They didn't disappoint me this year (last year wasn't as good as the previous year, IMO). There are a couple of photos, and a quick text run-down of some of the merchandise in a couple of posts on my thread on page 2 of this message board.


----------



## Red (Aug 10, 2009)

petrified1 said:


> We have Dollarama up here in Canada, and I bought four packs of that black and gray creepy cloth already. I plan to go back and buy more actually. I'm very impressed with the dollar stores' selection this year as well.


At my local Dollarama, the only creepy cloth they have is a lame Lime Green and Orange colored kind.


----------



## halloween71 (Apr 22, 2007)

Creepy cloth is so useful.I pick up as much as I can if I can get a good deal.


----------



## feedmelies (Oct 13, 2007)

The $1 creepy cloth is awesome! I just bought 20 of them!


----------



## witchiepoo (Oct 4, 2006)

halloween_sucks_in_the_uk said:


> We have Pound stores here, but their stuff is awful cheap and nasty. We don't get anything like creepy cloth


hi - I bought the creepy cloth in Morrisons a couple of years ago - they don't get much in there - but this was good - more expensive than the US though one pack covered one door & was £3.99.

hopefully Asda will have it this year as they seem to have the best stuff in the uk - though the large tesco stores are getting better 

poundland is really good for the sweets though - great halloween themed stuff


----------



## Bella LaGhostly (Aug 10, 2009)

Thanks for the heads up! I was at our local store last week and they still had summer items in the seasonal aisle, but I'll check back at the end of the week. 

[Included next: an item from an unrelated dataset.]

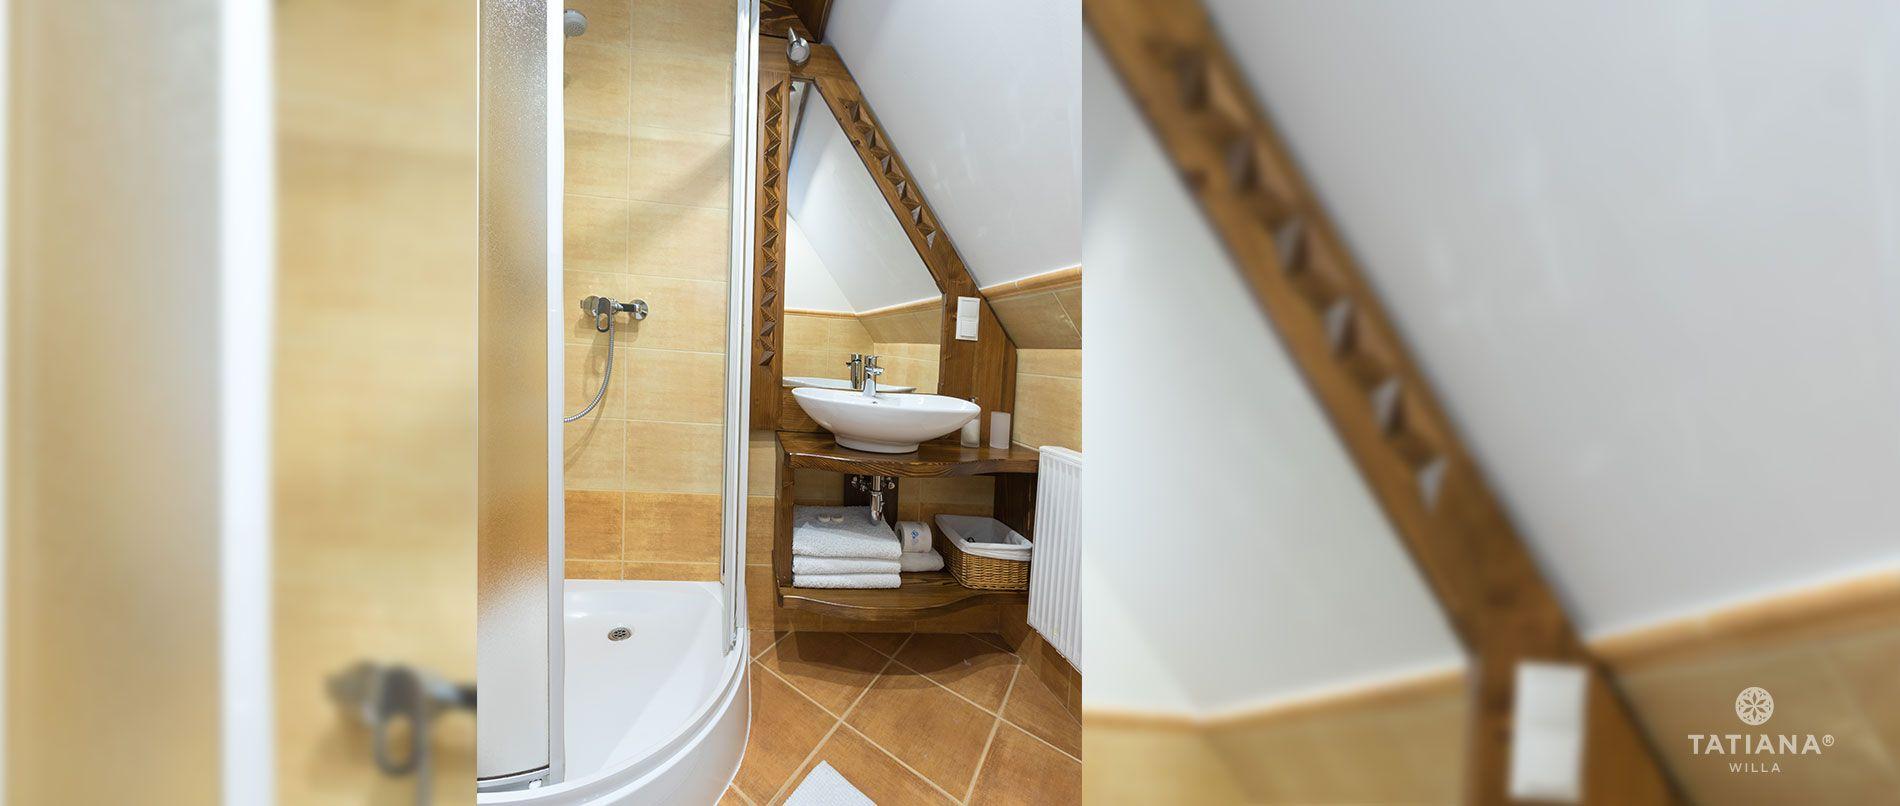 Apartament Premium 6 - łazienka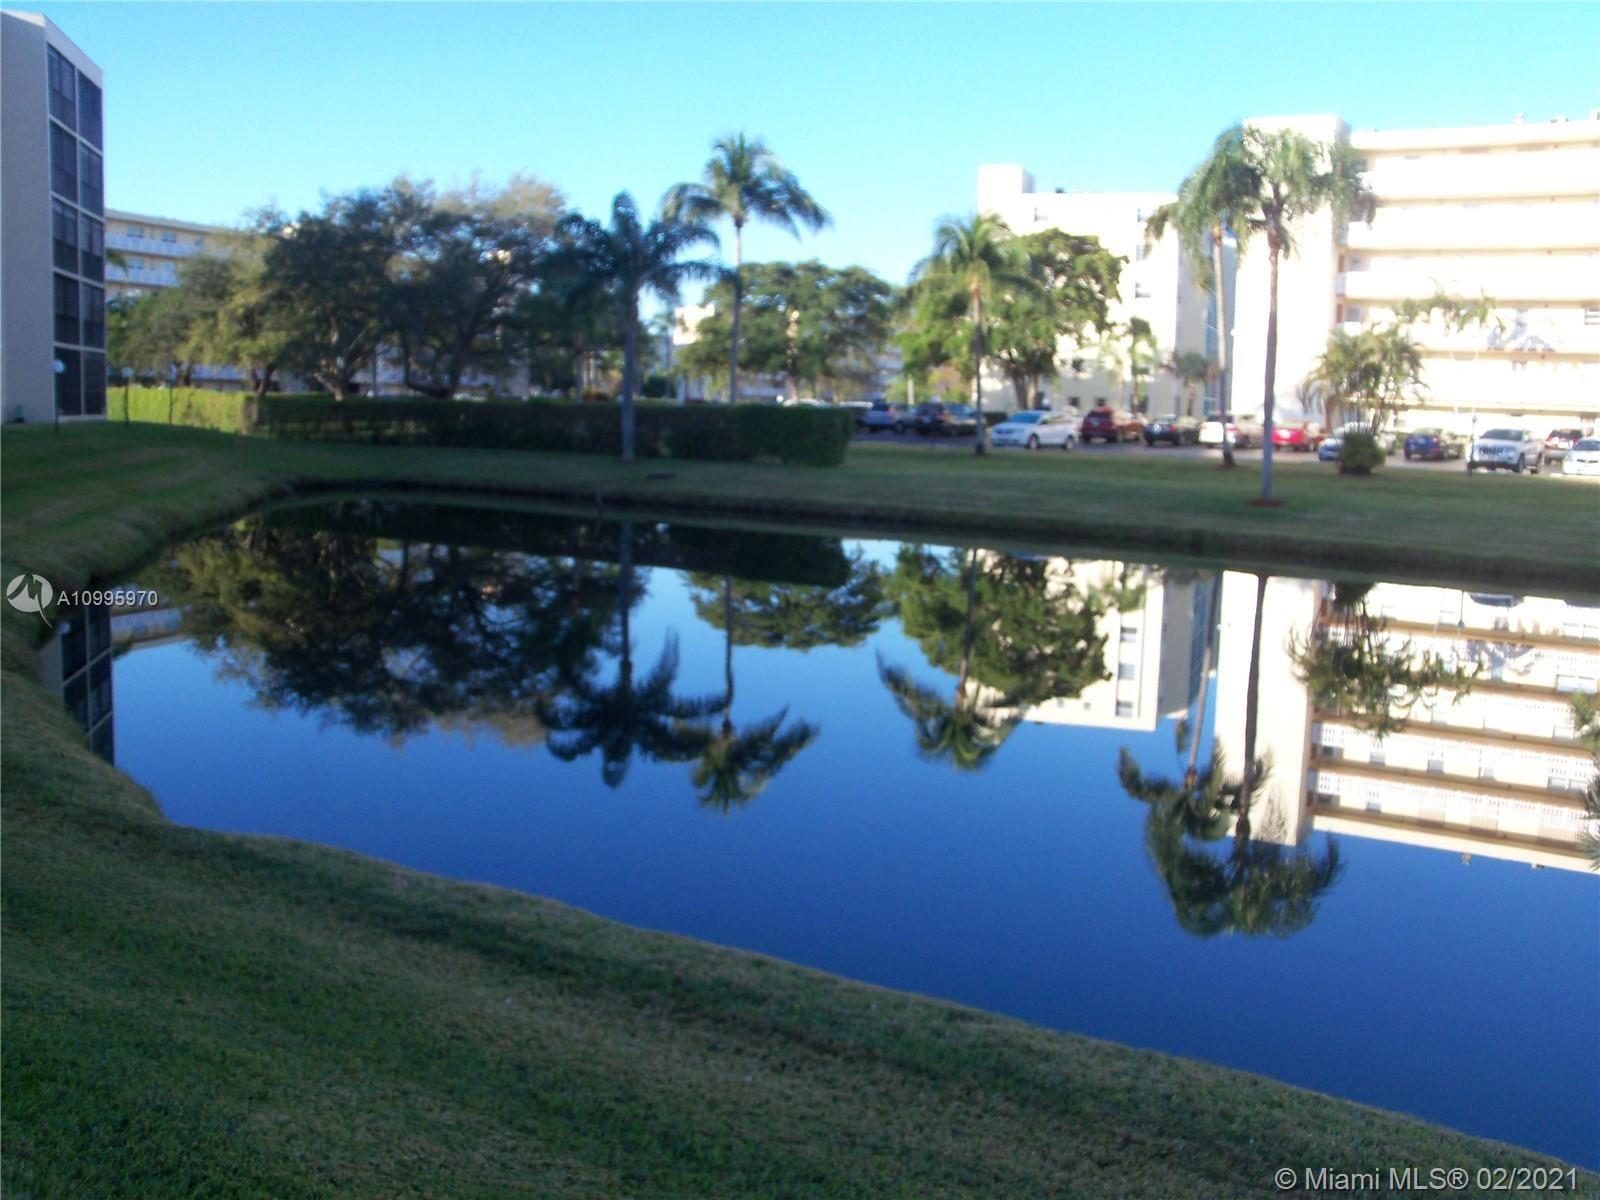 Photo of 170 SE 5th Ave #107, Dania Beach, FL 33004 (MLS # A10995970)

Last year I got *loads *of stuff at 99 Cents Only. LOVE to shop there! They often get in lots of things that Dollar Tree doesn't, plus they carry produce and overall have a much larger selection. Lots of Halloween ceramic votives, candles, centerpieces, party favors, you name it...


----------



## Suzeelili (Jun 3, 2007)

I bought the creepy cloth for curtain toppers, lampshade, and draping over the furniture. I got 3 nice looking long stem roses..a glittery silver pumpkin, grey rat, 2 bone colored skull and bones candlesticks, sticky glow in the dark eyeballs, They've been the best store this year around here for me so far.


----------



## petrified1 (Aug 30, 2009)

thehorrorfinatic said:


> At my local Dollarama, the only creepy cloth they have is a lame Lime Green and Orange colored kind.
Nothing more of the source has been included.